● **Dataset excerpt**

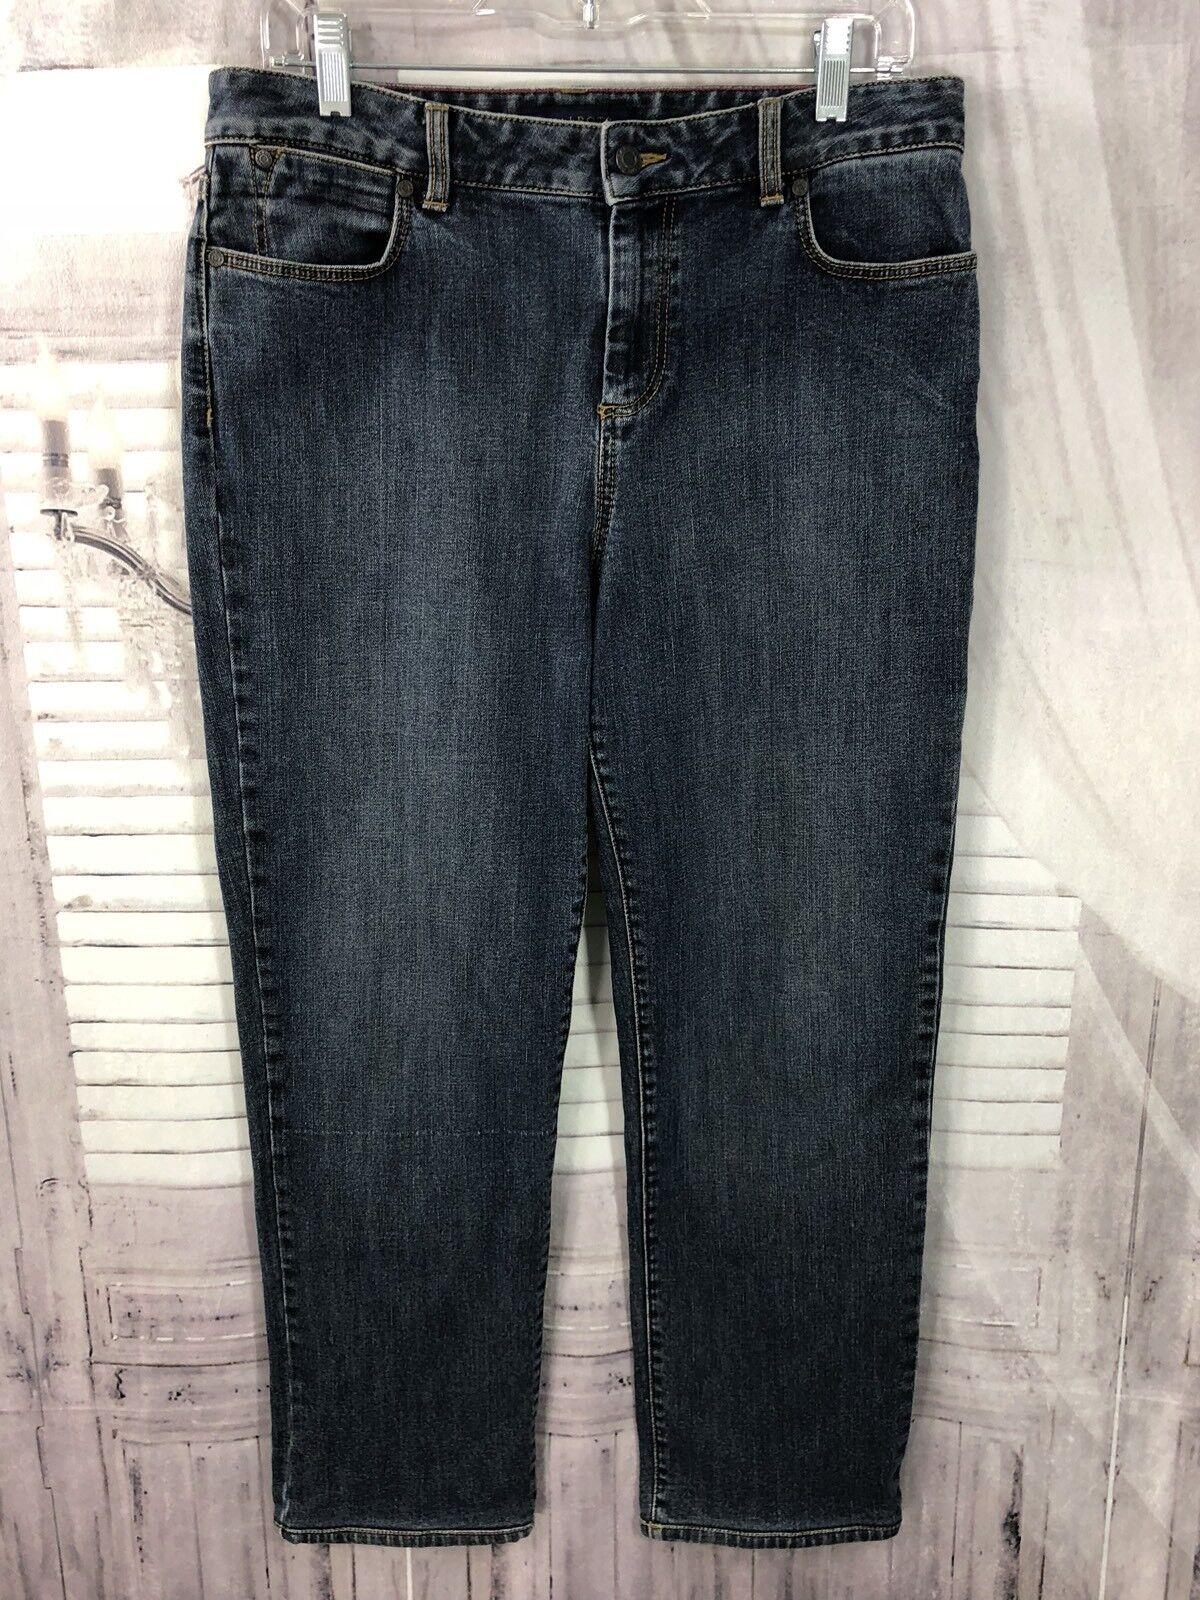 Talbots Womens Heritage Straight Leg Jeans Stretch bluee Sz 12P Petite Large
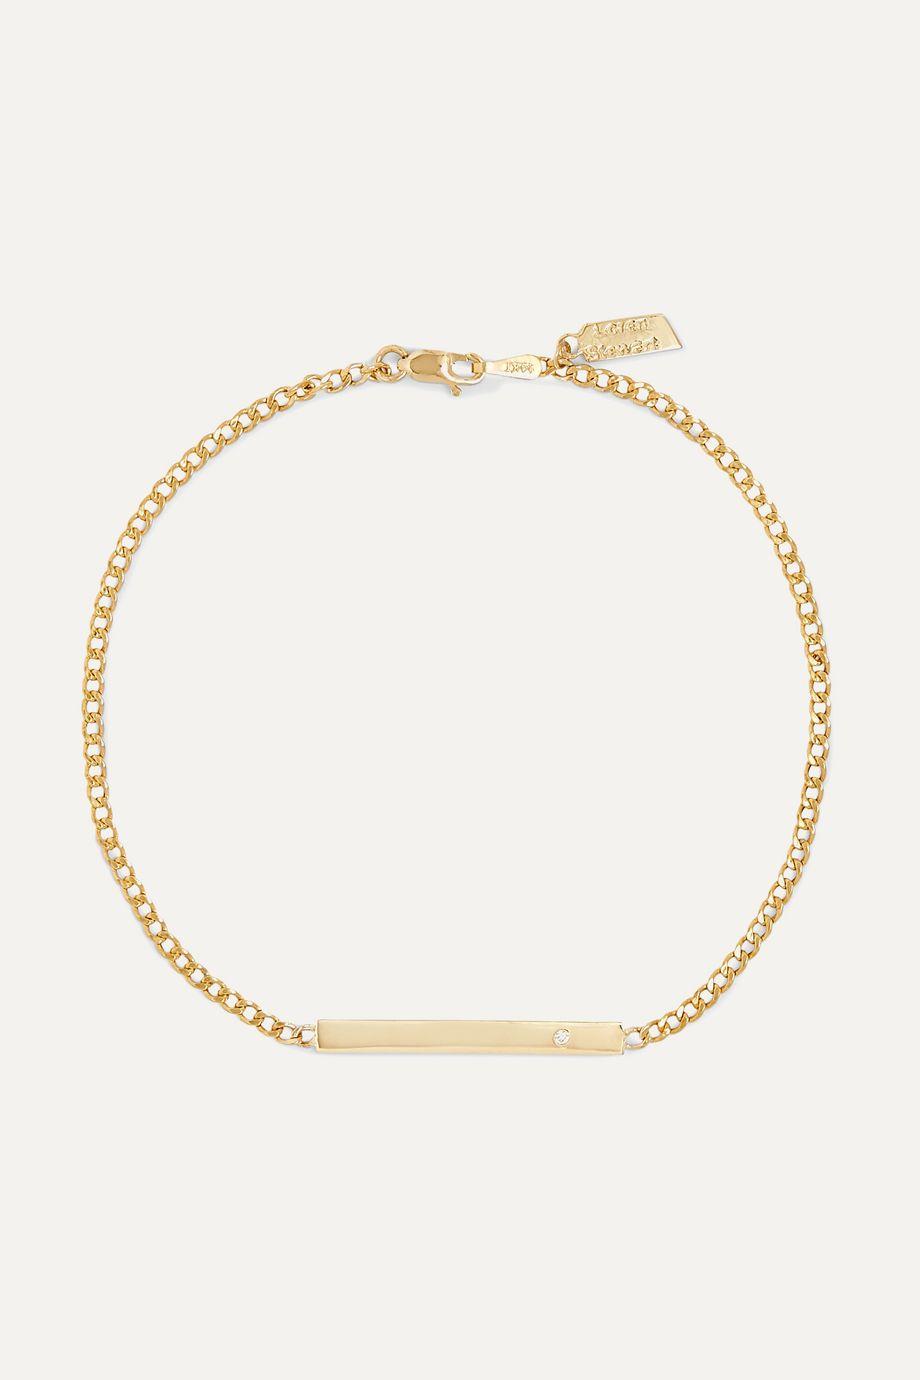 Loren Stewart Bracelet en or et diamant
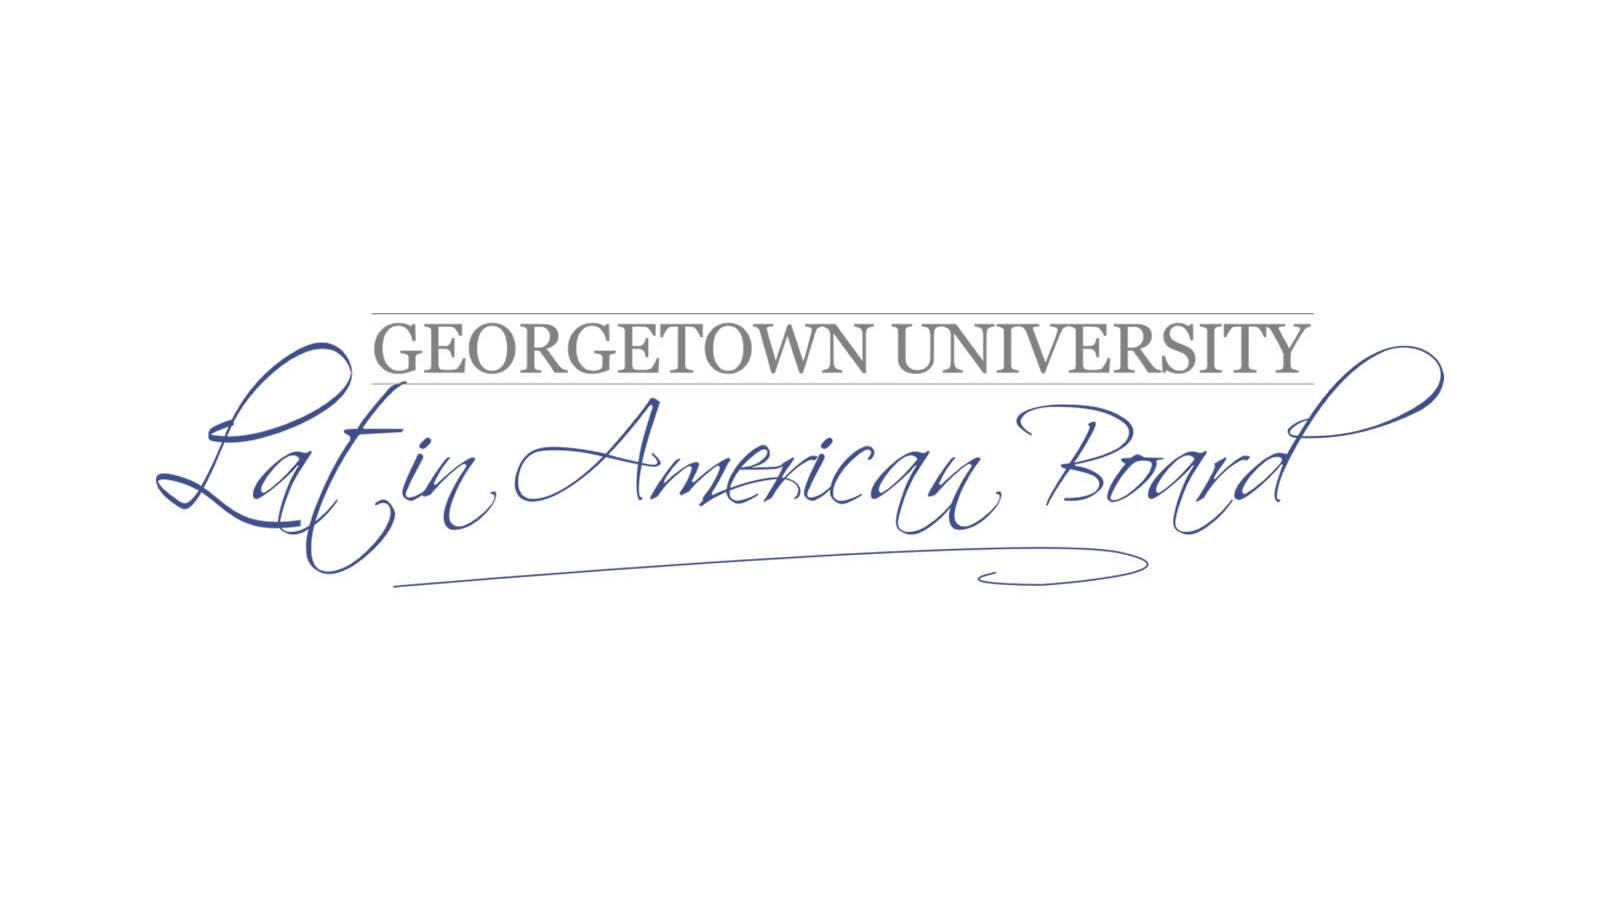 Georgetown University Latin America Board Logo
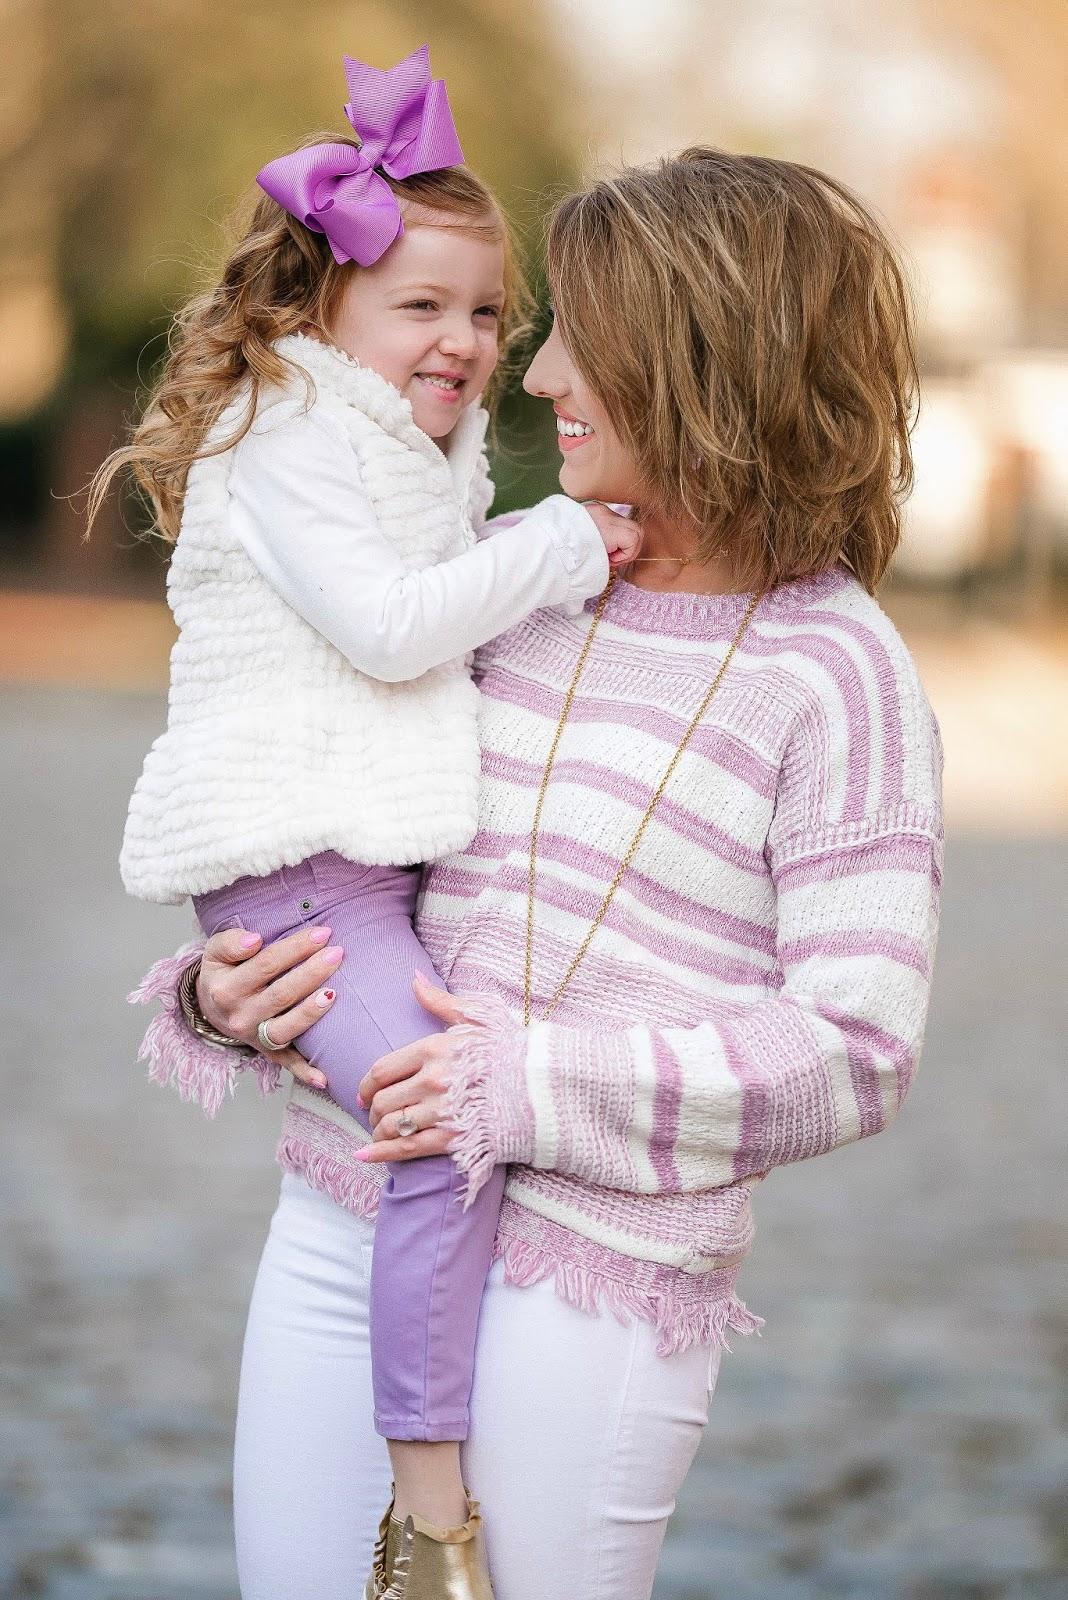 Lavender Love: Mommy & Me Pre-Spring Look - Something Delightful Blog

● **Task to complete**
Starting at the line that contains "Loren Stewart Bracelet en or et diamant", please write out each line through the last line of the data, both ends included, and keep pictures out of the copy.

● **Response area**
 Loren Stewart Bracelet en or et diamant
 Georgetown University Latin America Board Logo
 Lavender Love: Mommy & Me Pre-Spring Look - Something Delightful Blog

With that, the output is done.